Object and place information processing by CA1 hippocampal neurons of C57BL/6J mice

Affiliations

Object and place information processing by CA1 hippocampal neurons of C57BL/6J mice

Herborg N Ásgeirsdóttir et al. J Neurophysiol. .

Abstract

Medial and lateral entorhinal cortices convey spatial/contextual and item/object information to the hippocampus, respectively. Whether the distinct inputs are integrated as one cognitive map by hippocampal neurons to represent location and the objects therein, or whether they remain as parallel outputs, to be integrated in a downstream region, remains unclear. Principal, or complex spike bursting, neurons of hippocampus exhibit location-specific firing, and it is likely that the activity of "place cells" supports spatial memory/navigation in rodents. Consistent with cognitive map theory, the activity of CA1 hippocampal neurons is also critical for nonspatial memory, such as object recognition.
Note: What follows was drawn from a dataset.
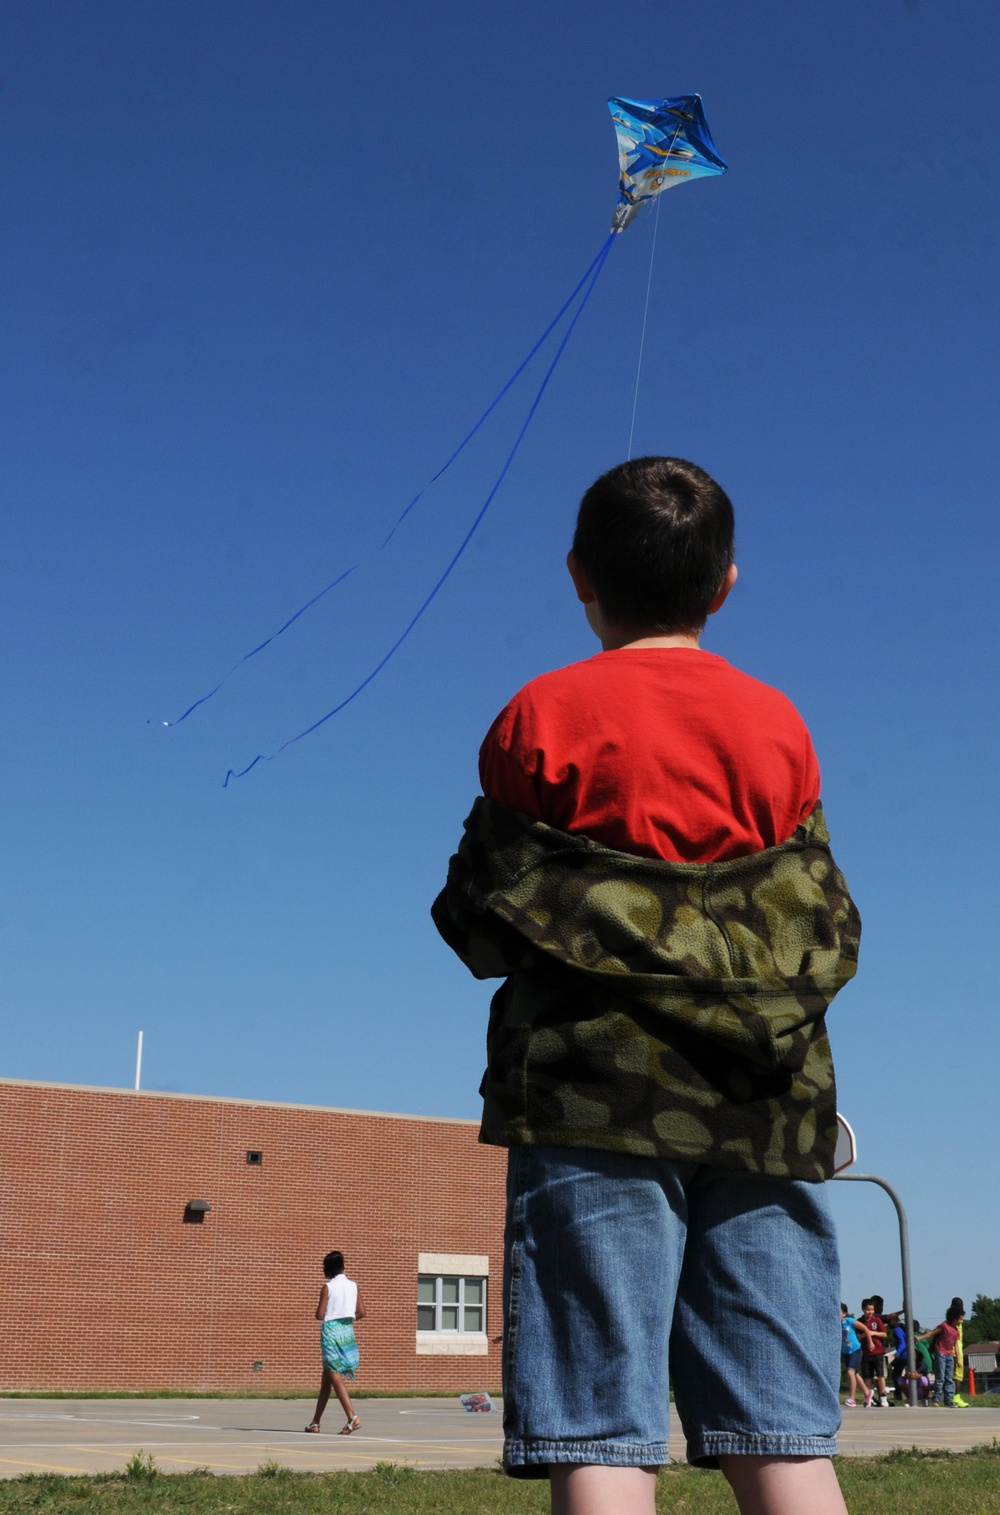 Elementary school students take to the skies, experience kite flying

However, the degree to which CA1 neuronal activity represents the associations of object-context or object-in-place memory is not well understood. Here, the contributions of mouse CA1 neuronal activity to object recognition memory and the emergence of object-place conjunctive representations were tested using in vivo recordings and functional inactivation. Independent of arena configuration, CA1 place fields were stable throughout testing and object-place representations were not identified in CA1, although the number of fields per cell increased during object sessions, and few object-related firing CA1 neurons (nonplace) were recorded. The results of the inactivation studies confirmed the significant contribution of CA1 neuronal activity to object recognition memory when a delay of 20 min, but not 5 min, was imposed between encoding and retrieval. Together, our results confirm the delay-dependent contribution of the CA1 region to object memory and suggest that object information is processed in parallel with the ongoing spatial mapping function that is a hallmark of hippocampal memory.NEW & NOTEWORTHY We developed variations of the object recognition task to examine the contribution of mouse CA1 neuronal activity to object memory and the degree to which object-context conjunctive representations are formed during object training. Our results indicate that, within the CA1 region, object information is processed in a parallel but delay-dependent manner, with ongoing spatial mapping.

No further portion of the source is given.